Lo sostiene, per esempio, uno studio realizzato da International Energy
Agency e Nuclear Energy Agency che ha dimostrato, dati alla mano, come
sempre più spesso fotovoltaico ed eolico siamo più economiche delle
centrali termoelettriche alimentate da fonti fossili. Il costo di un
megawatt di fotovoltaico in Cina è già oggi di 55 dollari, contro i 90
dollari di una centrale a gas e i 75 del carbone. Ma il sorpasso delle
rinnovabili si misura anche per la sua connessione a tecnologie
innovative.

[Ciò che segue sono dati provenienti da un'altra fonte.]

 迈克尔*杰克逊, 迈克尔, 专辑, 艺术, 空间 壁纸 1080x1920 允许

Lo ha spiegato Francesco Venturini, amministratore delegato
di Enel Green Power mercoledì 23 settembre, inaugurando a Catania il
primo impianto in Italia composto da un campo fotovoltaico connesso a un
sistema di accumulo: in sostanza una batteria grande come un container
(con una potenza fino a 2 megawatt), che immagazzina energia in eccesso e
le rilascia quando c'è maggiore richiesta oppure nelle ore notturne
quando l'impianto per definizione non è attivo.

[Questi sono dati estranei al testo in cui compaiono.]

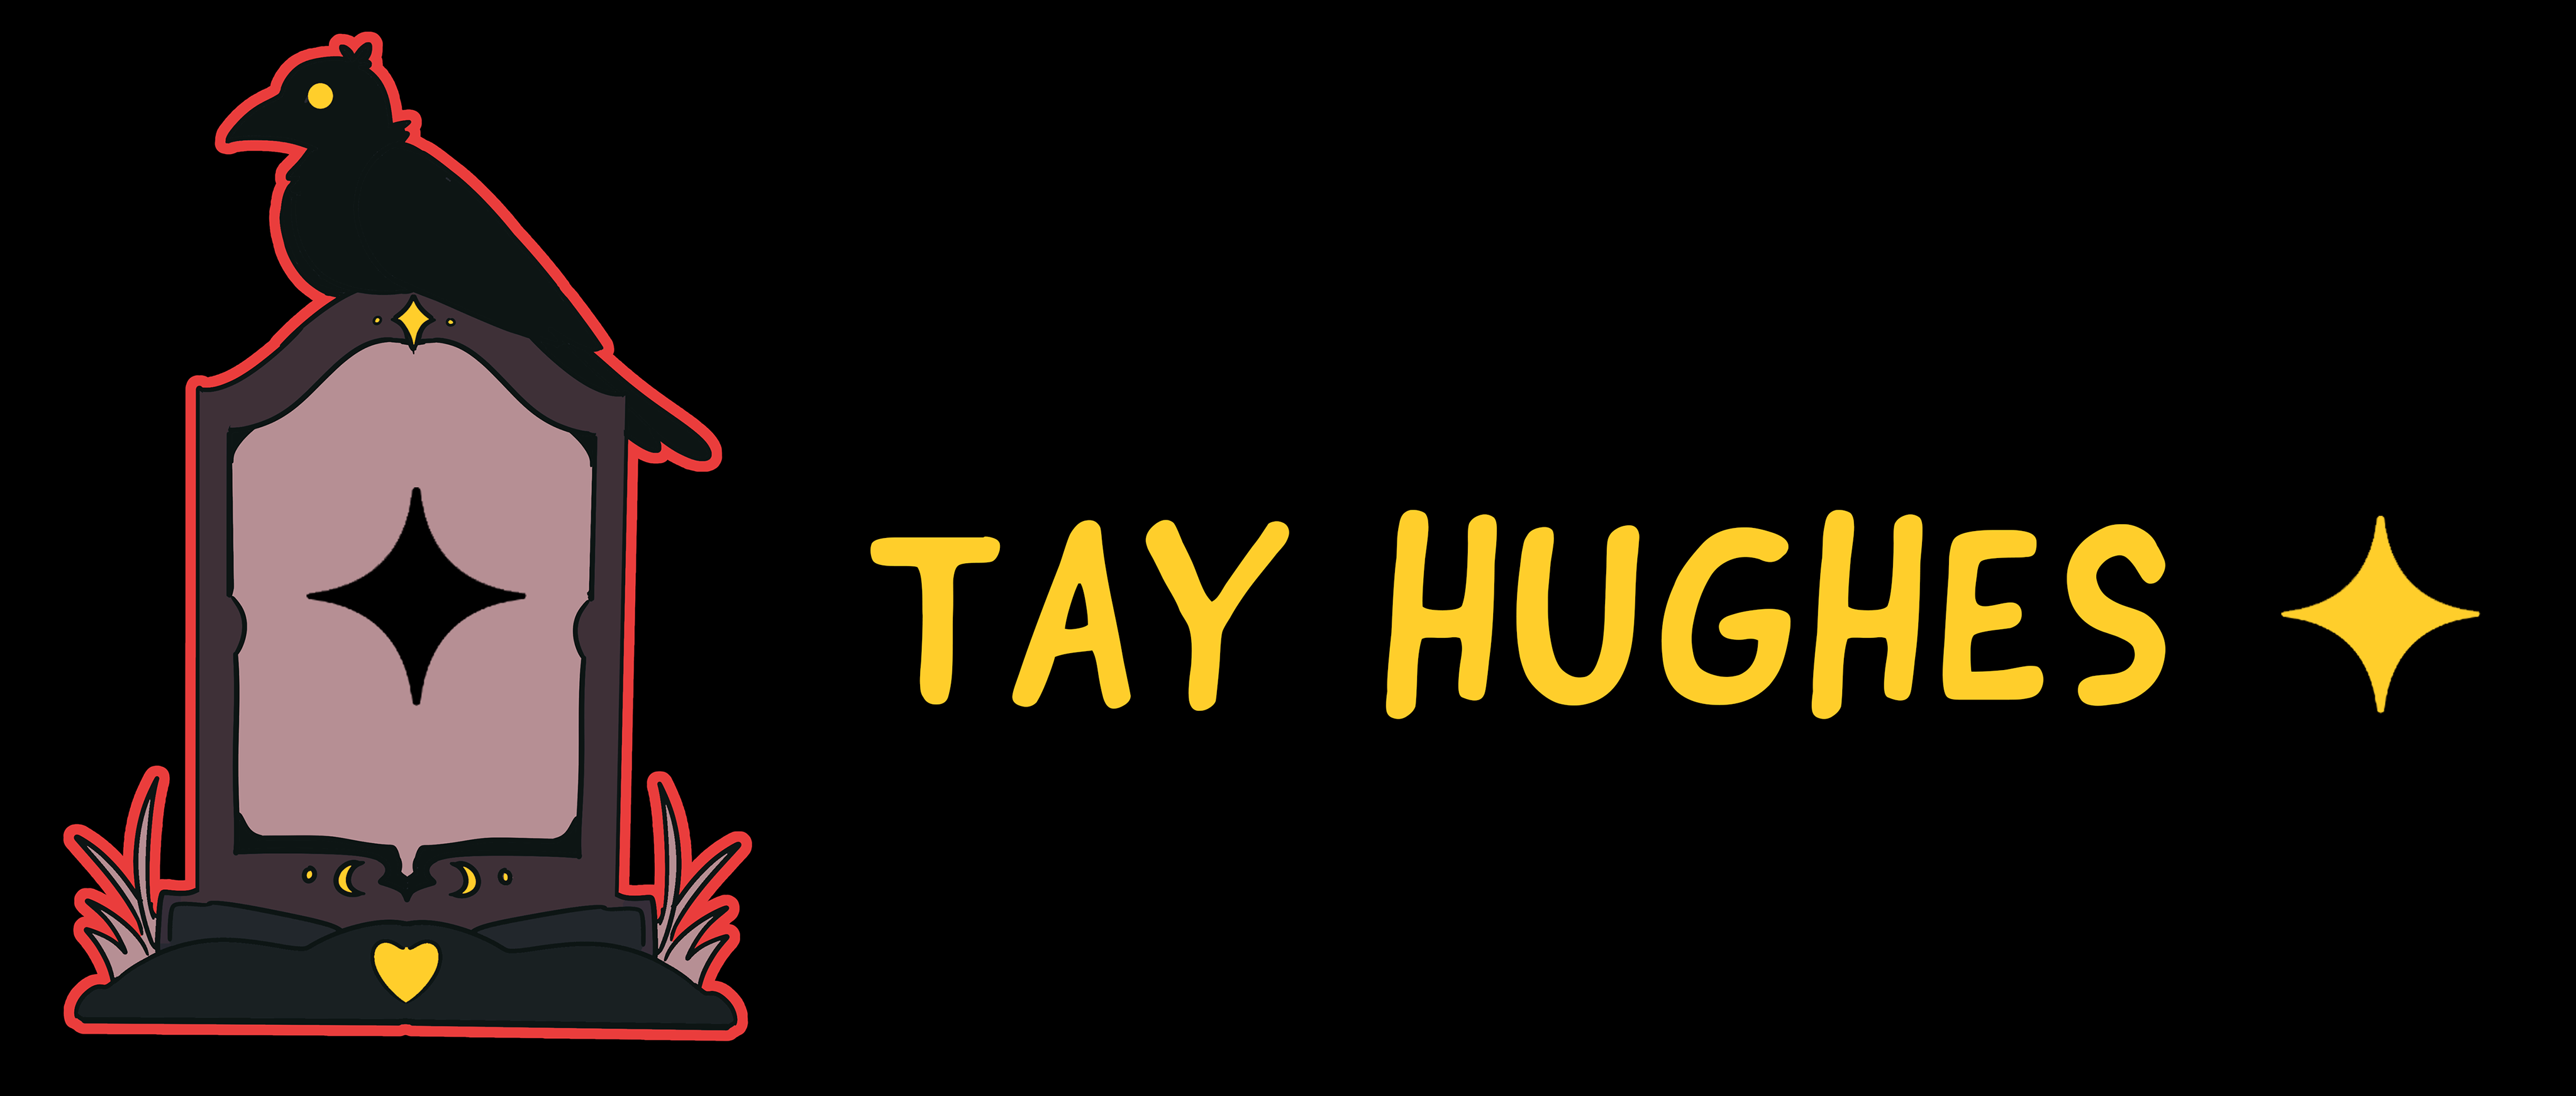 Tay Hughes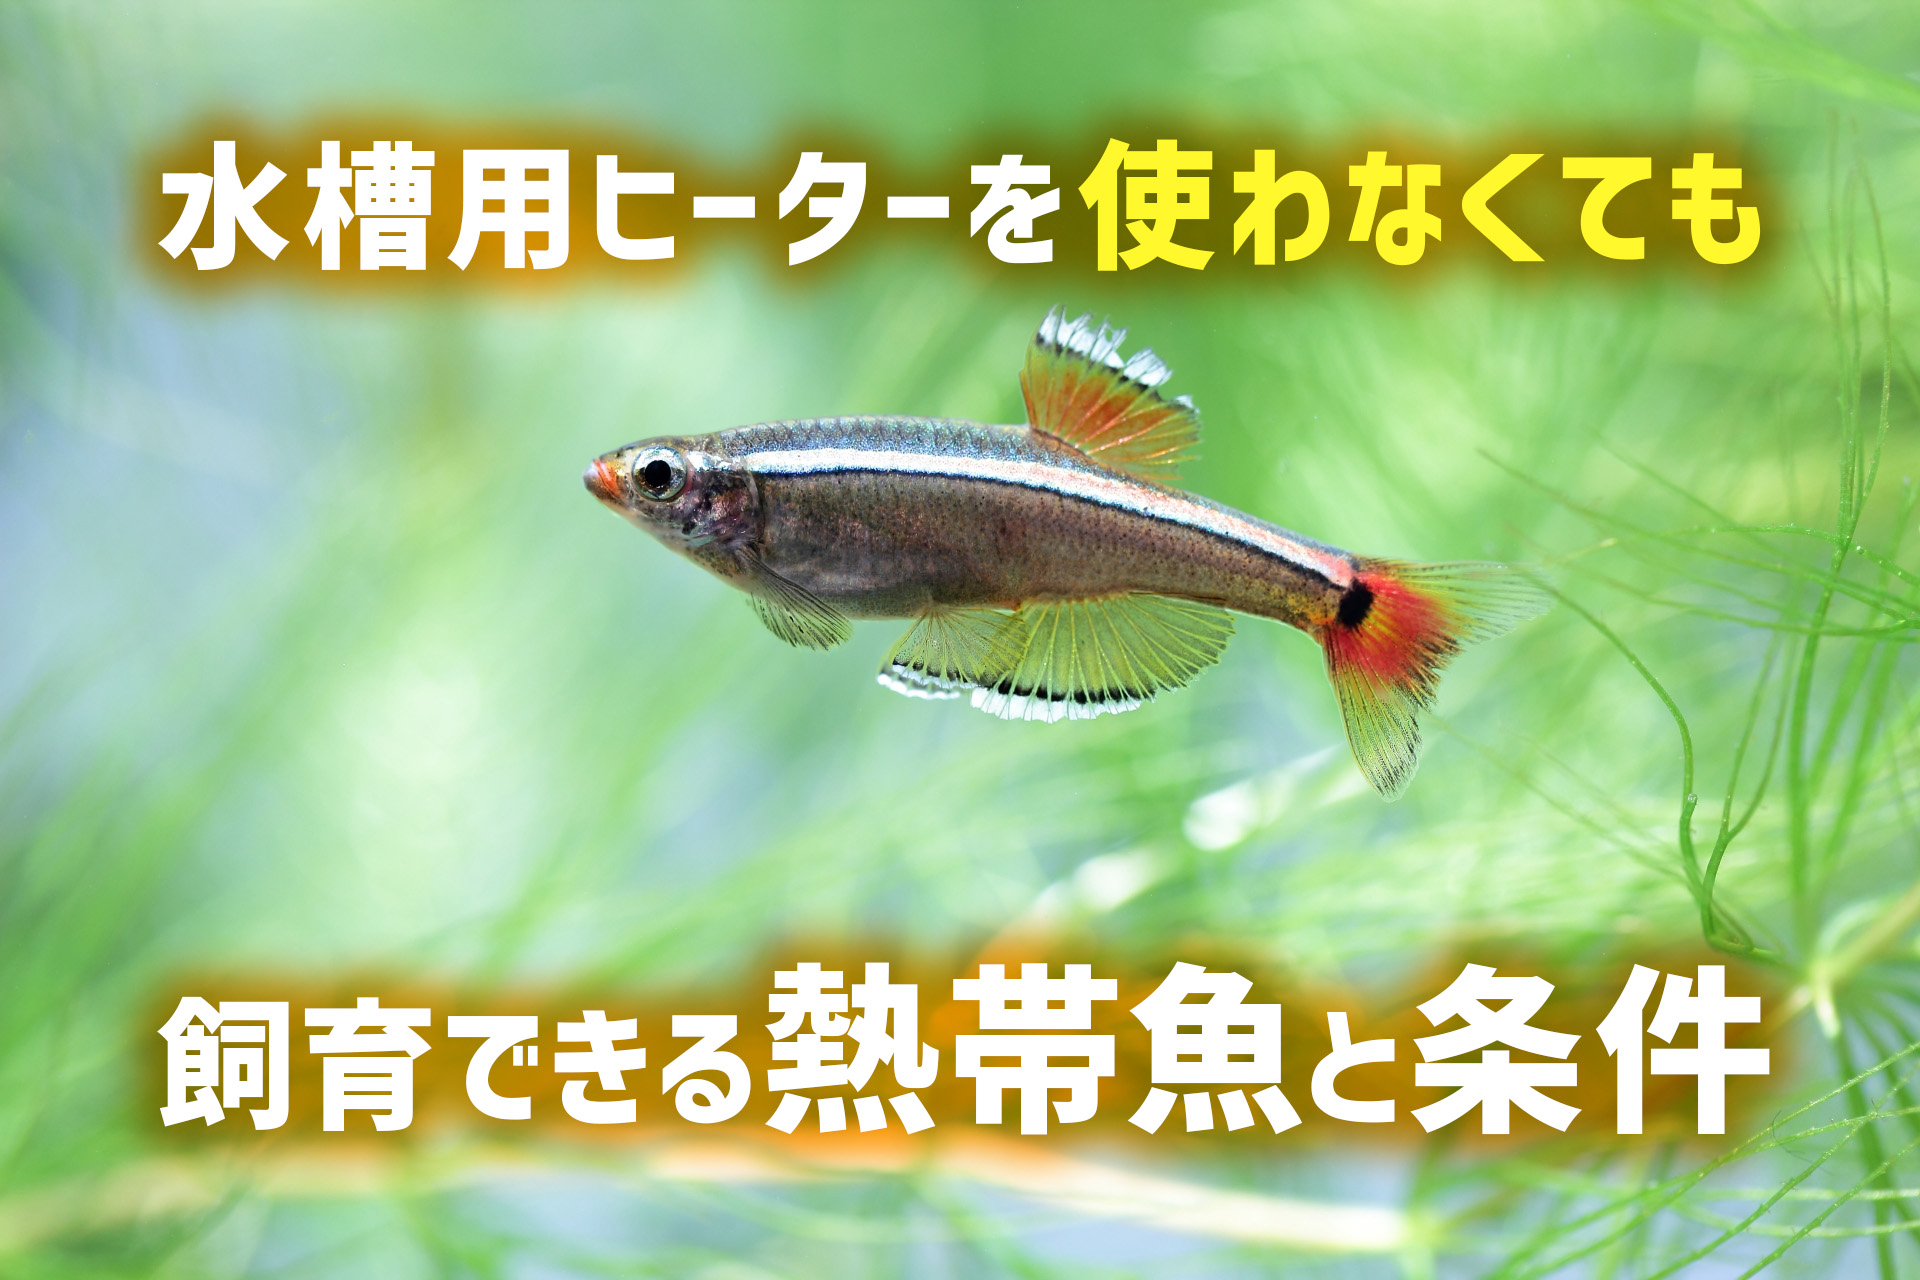 特別セーフ 熱帯魚 北海道 九州航空便要保温 ４匹 ブラッドオレンジライヤーテールモーリー

"Siamo tornati indietro di 200 anni - ha spiegato Venturini quando con
l'avvio della rivoluzione industriale, il motore a scoppio ebbe il
sopravvento su quello elettrico. Ora stiamo assistendo alla sua
rivincita".
Tra l'altro, il mercato delle batterie (lo storage, per usare il suo
nome tecnico internazionale) è quello con le maggiori potenzialità. Ci
sono gli accumuli di dimensioni più ridotte per gli impianti di
produzione solare o eolico, ma ci sono soprattutto le batterie legate
alla gestione delle reti ad alta tensione. Secondo un report della
società di consulenza Frost&Sullivan, il mercato degli accumuli per
la rete crescerà di 18 volte nei prossimi dieci anni, passando dai 460
milioni di dollari del 2014 a 8,3 miliardi di dollari al 2024. Lo
sviluppo rapido degli accumuli secondo alcuni studi - potrebbe
definitivamente mettere fuorigioco le centrali a gas come fonte di
produzione principale per garantire la stabilità del sistema elettrico.
Anche in questo caso, l'Italia è apripista: il maggior impianto di
storage in Europa - in attività - si trova in Sardegna: 20 megawatt a
sostegno della rete ad alta tensione dell'isola sotto il controllo dei
tecnici del gruppo Terna.
Come abbiamo visto, a guidare la pattuglia delle utility verso l'energia
del futuro sono Italia e Francia. La Germania, che si era mossa in
largo anticipo arrivando già cinque anni fa al 25 per cento di energia
da fonti rinnovabili è una sorta di anatra zoppa. Le due aziende di
punta del paese, E.On e Rwe due anni fa sono state prese alla sprovvista
dalla decisione tutta elettorale del cancelliere Angel Merkel di
fissare al 2022 l'uscita dal nucleare, che garantisce comunque un 16 per
cento di fabbisogno elettrico. Con il decomissioning tutto a carico
delle aziende. Il che ha complicato la situazione economica delle due
società e gli investimenti. Anche la Gran Bretagna - dove il mercato è
tutto in mano ai privati - ha l'urgenza di affrontare le nuove sfide
energetiche.
Come la Germania, si era mossa in anticipo per compensare il calo della
produzione di gas del Mare del Nord con nuovi impianti eolici off shore.
Ma il governo conservatore ha virato negli ultimi due anni verso la
costruzione di nuovi impianti nucleari e la ricerca di shale gas. Scelte
che hanno sollevato più di una perplessità.
Lo shale gas è da trovare ed ferocemente osteggiato dalle associazioni
ambientaliste. Contro il nucleare c'è stata l'opposizione a sorpresa
dell'Austria: il governo di Vienna ha presentato ricorso alla Ue per
aiuti di stato contro la Gran Bretagna: perché il progetto della nuova
centrale nel Kent stia in piedi economicamente, il governo si è
impegnato ad acquistarne l'energia a prezzo maggiorato per 35 anni. E
l'Austria, che ha abbandonato il nucleare nel ' 78 pensa gli incentivi
siano da destinare solo alle rinnovabili.